Plug-in Losses for Evidential Deep Learning: A Simplified Framework for Uncertainty Estimation that Includes the Softmax Classifier
Berk Hayta, Hannah Laus, Simon Mittermaier, Felix Krahmer

TL;DR
This paper introduces a simplified plug-in loss framework for evidential deep learning that approximates complex Dirichlet-based objectives, enabling easier implementation and including the softmax classifier for uncertainty estimation.
Contribution
It proposes a novel approximation of EDL objectives using plug-in losses evaluated at the Dirichlet mean, simplifying implementation and including softmax within the framework.
Findings
Achieves comparable accuracy and uncertainty estimation to classical EDL on speech data.

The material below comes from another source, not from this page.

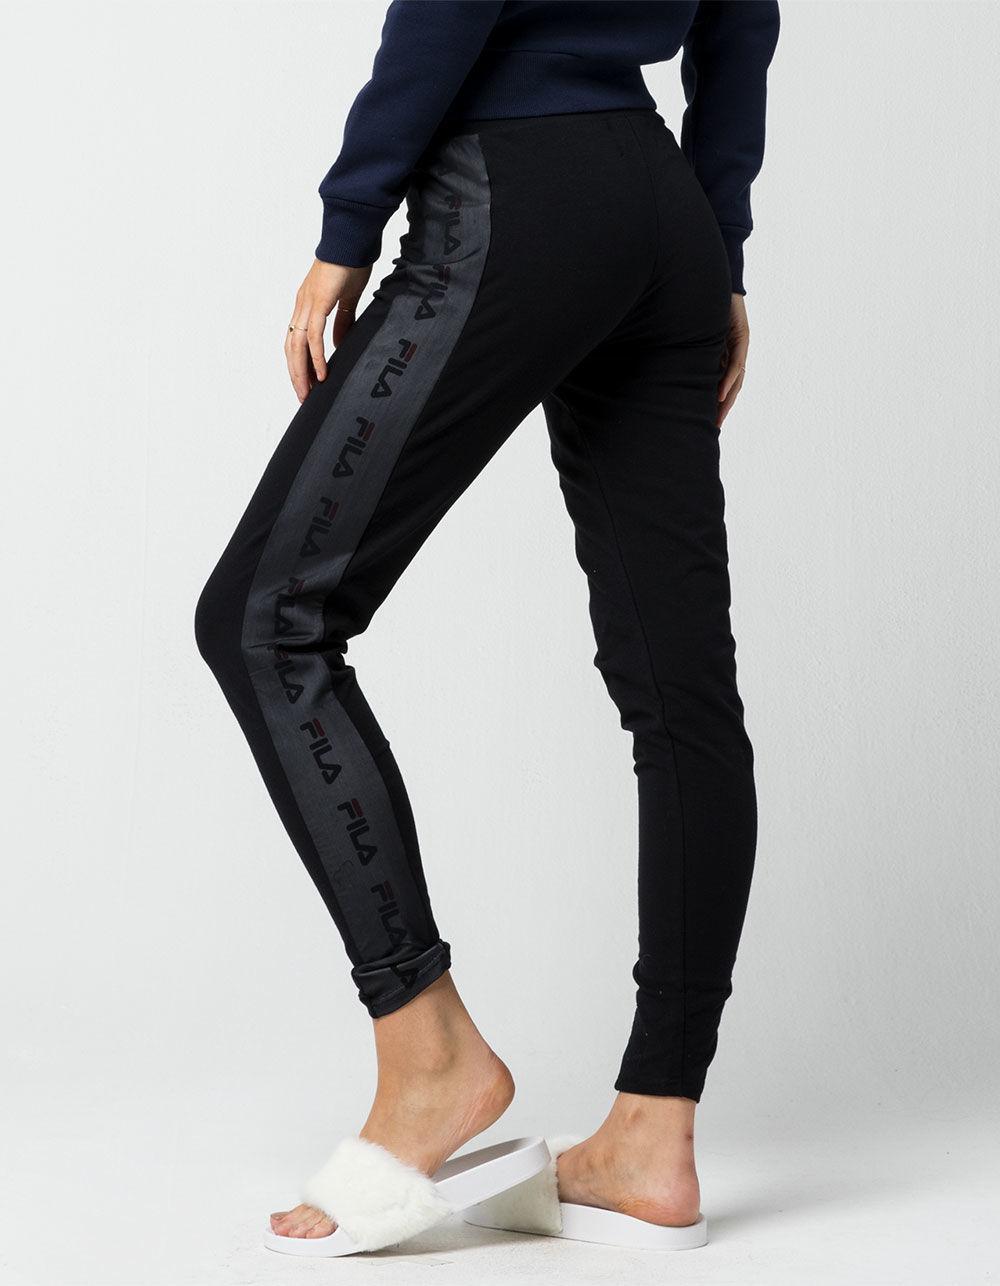 91eef82a1189 Lyst - Fila Lia Womens Leggings in Black

Provides theoretical justification for using softmax in uncertainty estimation.
Simplifies EDL training using standard deep learning losses.
Abstract
Real-world sensor-based learning systems require uncertainty estimation that is both reliable and computationally efficient. Evidential Deep Learning (EDL) provides single-pass uncertainty estimation by modeling the class probabilities via Dirichlet distributions, where the Dirichlet parameters are predicted by a learned neural network mapping. However, this approach can lead to computational challenges, as Dirichlet expected objectives are more complex than standard supervised learning losses, complicating their analysis and implementation. We address this issue by approximating the objective of the first-order empirical risk minimization problem induced by EDL with a plug-in loss evaluated at the Dirichlet mean and show that, under mild assumptions, the approximation error decays with growing evidence for a broad class of loss functions, including mean-squared error and cross-entropy…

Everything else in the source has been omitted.